IEEE/ACM Trans Comput Biol Bioinform. 2020 Jan-Feb;17(1):250-263. doi: 10.1109/TCBB.2018.2858814. Epub 2018 Jul 23.
Optimal Bayesian feature filtering (OBF) is a fast and memory-efficient algorithm that optimally identifies markers with distributional differences between treatment groups under Gaussian models. Here, we study the performance and robustness of OBF for biomarker discovery. Our contributions are twofold: (1) we examine how OBF performs on data that violates modeling assumptions, and (2) we provide guidelines on how to set input parameters for robust performance. Contribution (1) addresses an important, relevant, and commonplace problem in computational biology, where it is often impossible to validate an algorithm's core assumptions. To accomplish both tasks, we present a battery of simulations that implement OBF with different inputs and challenge each assumption made by OBF. In particular, we examine the robustness of OBF with respect to incorrect input parameters, false independence, imbalanced sample size, and we address the Gaussianity assumption by considering performance on an extensive family of non-Gaussian distributions. We address advantages and disadvantages between different priors and optimization criteria throughout. Finally, we evaluate the utility of OBF in biomarker discovery using acute myeloid leukemia (AML) and colon cancer microarray datasets, and show that OBF is successful at identifying well-known biomarkers for these diseases that rank low under moderated t-test.
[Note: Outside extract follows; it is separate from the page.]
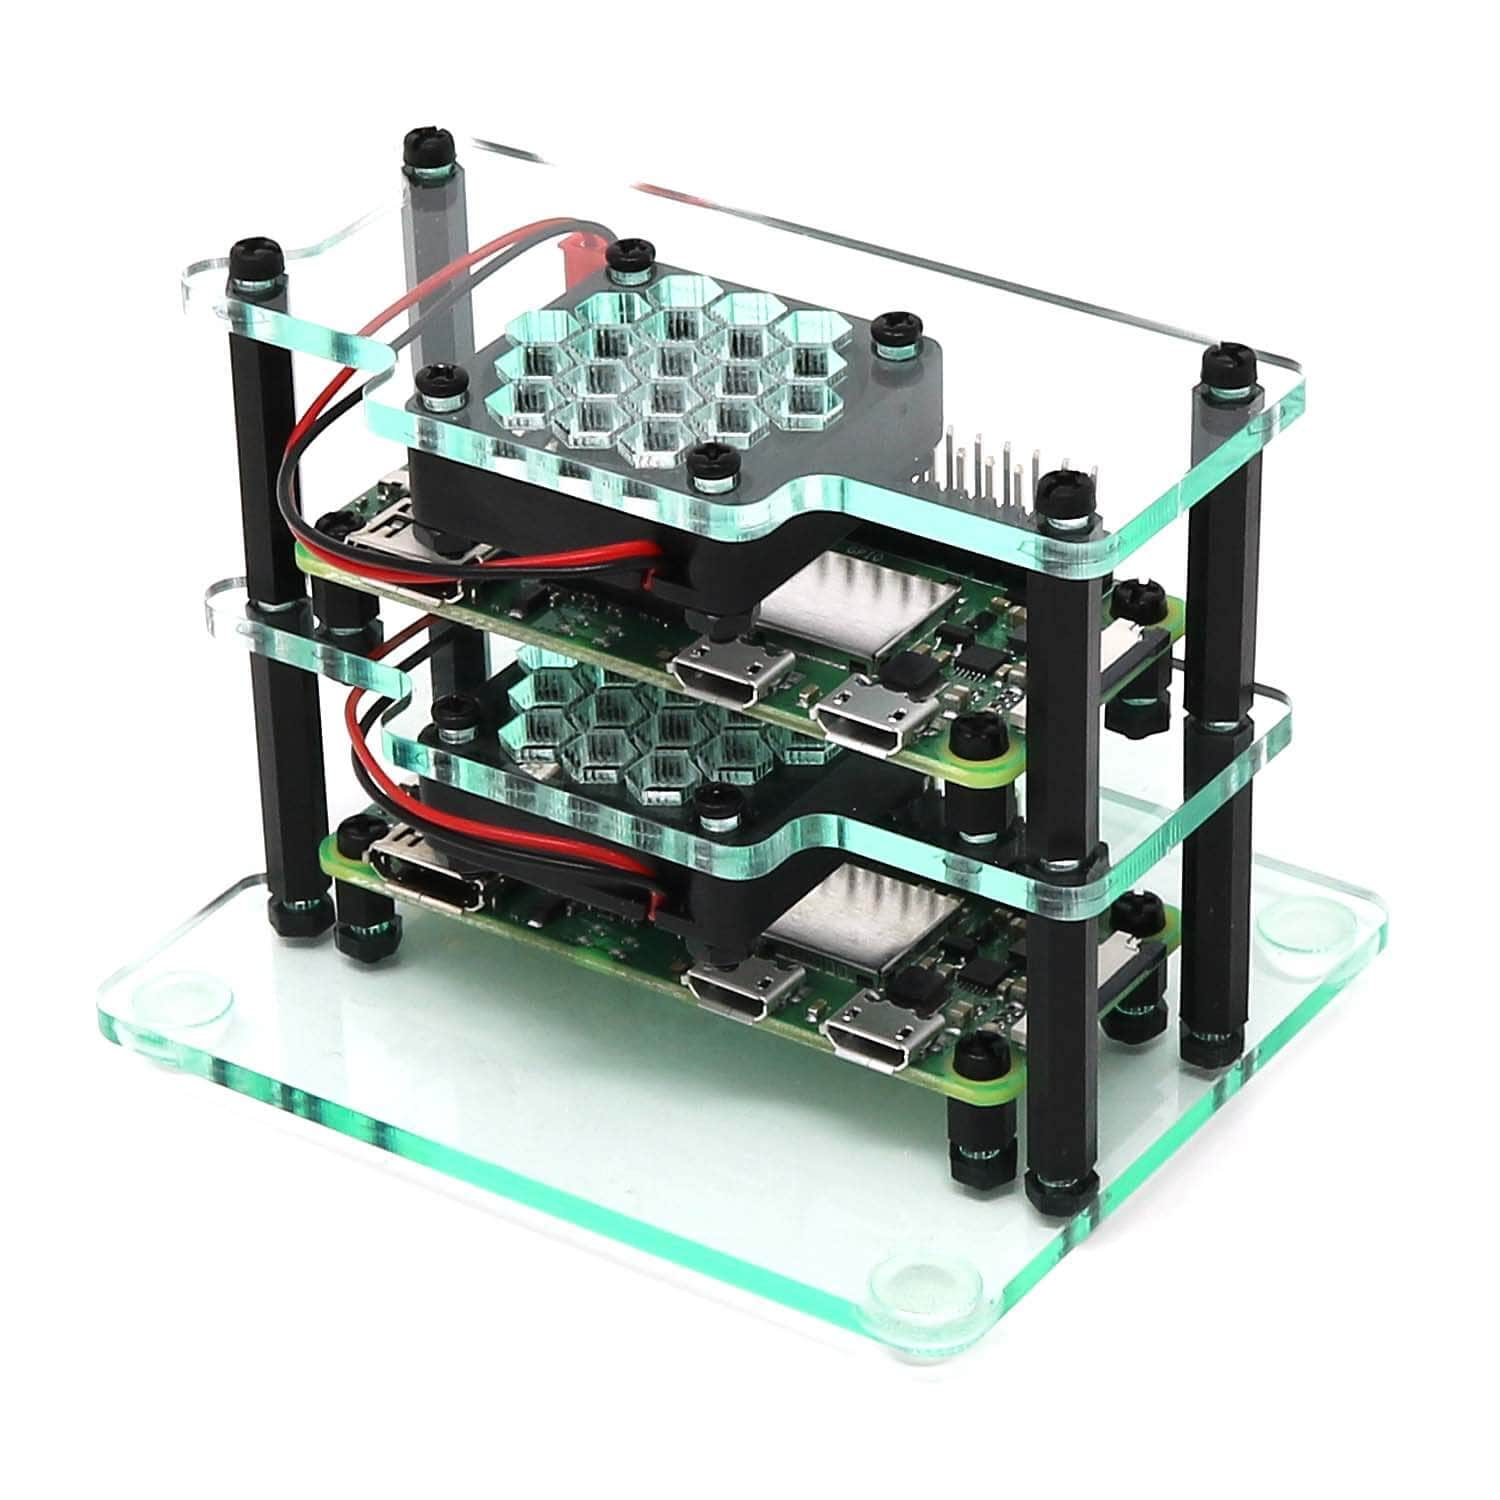 Mini Cluster Case for Raspberry Pi Zero 2 (with Fans) - The Pi Hut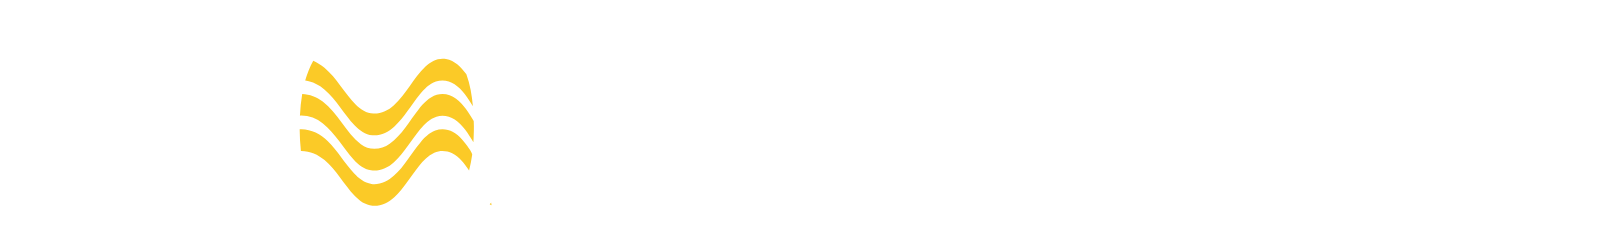 Fortis Logo groß für dunkle Hintergründe (transparentes PNG)

最优贝叶斯特征过滤 (OBF) 是一种快速且内存高效的算法,它可以在高斯模型下优化识别治疗组之间具有分布差异的标志物。在这里,我们研究了 OBF 在生物标志物发现中的性能和鲁棒性。我们的贡献有两点:(1) 我们研究了 OBF 在违反建模假设的数据上的表现,(2) 我们提供了有关如何设置输入参数以实现稳健性能的指南。贡献 (1) 解决了计算生物学中一个重要、相关且常见的问题,即通常不可能验证算法的核心假设。为了完成这两个任务,我们提出了一系列模拟,这些模拟使用不同的输入实现了 OBF,并对 OBF 做出的每个假设进行了挑战。特别是,我们研究了 OBF 对错误输入参数、虚假独立性、不平衡样本大小的鲁棒性,并通过考虑广泛的非高斯分布族的性能来解决高斯性假设。我们在整个过程中讨论了不同先验和优化标准之间的优缺点。最后,我们使用急性髓性白血病 (AML) 和结肠癌微阵列数据集评估了 OBF 在生物标志物发现中的效用,并表明 OBF 成功地识别了这些疾病的知名生物标志物,这些标志物在适度 t 检验下排名较低。